きっかけは、夏休みに入り仲良くなりたくてMK君と彼の友人二人のLaQ(細かいレゴの様な玩具)遊びに一時間徹底的に付き合ったことからだ。何故こんな時間が持てたかというと、夏休み中は夏季パートの方が結構入ってくださるので、子どもの数が少ない日には、若干子ども達との濃密な時間を持つことが出来るのだ。
そして、先日兄のMK君が
「今日は僕の誕生日なんだ。」
と言ってきた。私はイベントで多めに作った栞🔖のうち、彼に気に入ったのを選んでもらい、ささやかなバースデープレゼントにした。
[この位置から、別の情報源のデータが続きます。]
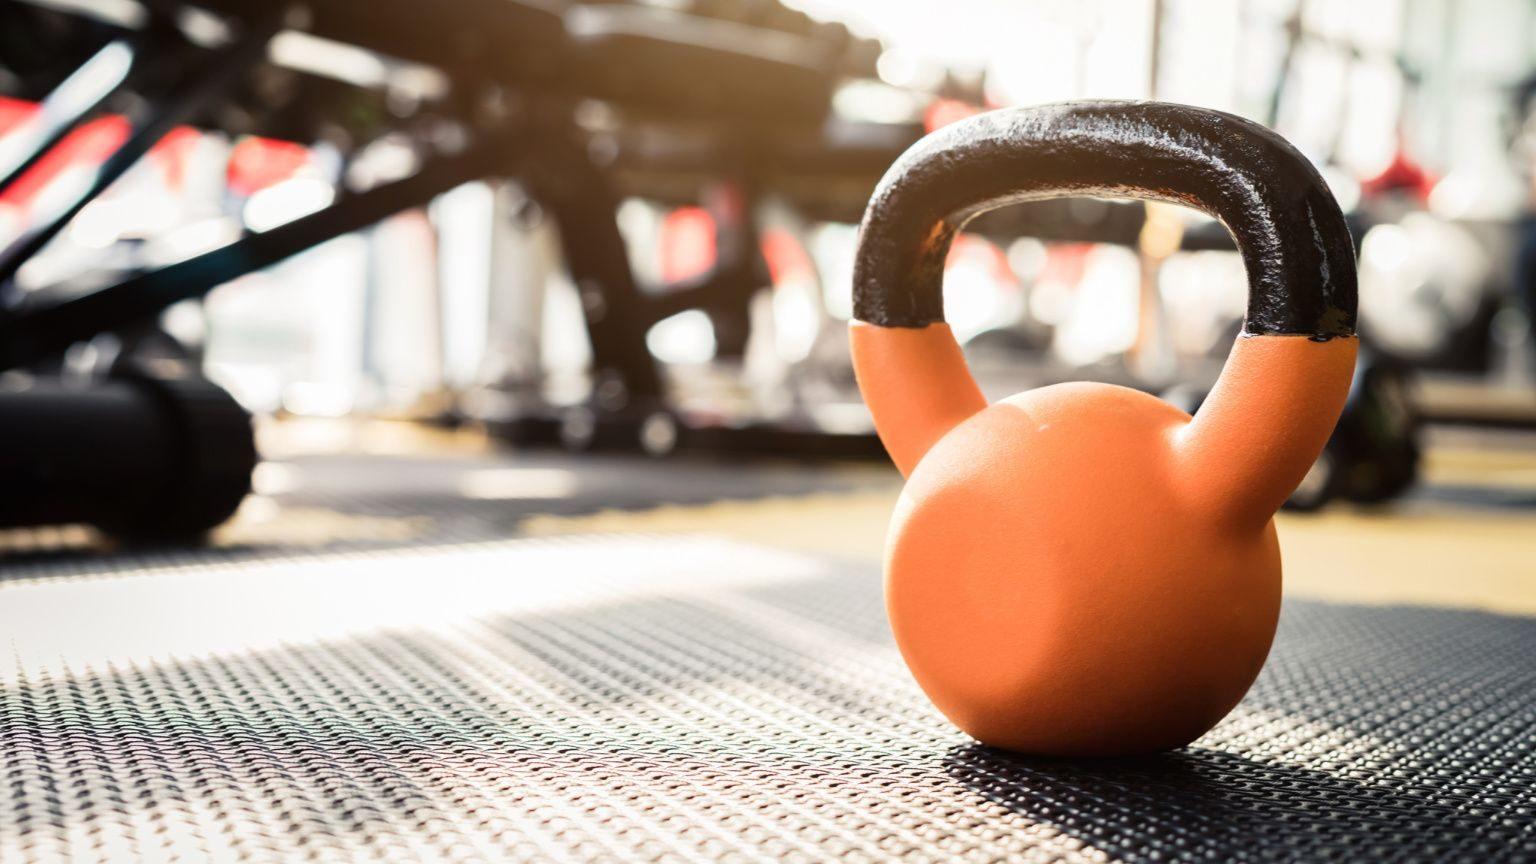 a kettlebell on the floor of a gym

そして、翌日今度は弟と昼食時に、同じテーブルについて二人でゆっくり話せる時間を取れたので、
「昨日、お兄ちゃんにおめでとう🎉を言った⁉︎」
と聞いたら、
「うん、ケーキも食べたよ。」
と答えてくれたので、
「じゃあ、家族みんなで祝えて、お兄ちゃん良かったね。」
と言ったら、少し間を置いて、
「○○さん、お父さんいる?」
と聞いてきたので、
「私のお父さんは死んでいてもういないよ。」
と言ったら、HT君はホッとした顔をして、
「うちもお父さんいないから、昨日はお母さんと俺らだけだった…」
と打ち明けてくれた。
そのことは以前から知っていたが、私は知らなかった体を装って、
「ふーん、そうなんだ。でもお母さん、必ずケーキ手作りだってお兄ちゃんから聞いたよ。凄いね!」
と言うと、
「最初から出来上がってるカステラのところを買ってきて、生クリームとスイカ🍉と缶詰の桃🍑をのせるだけだよ。」
と、言う。その表情はやや誇らしげで嬉しそうだ。
子ども二人を育てながら、仕事を頑張って、それでも手作りのケーキを準備するお母さん、凄いなぁ、とこちらも嬉しくなった。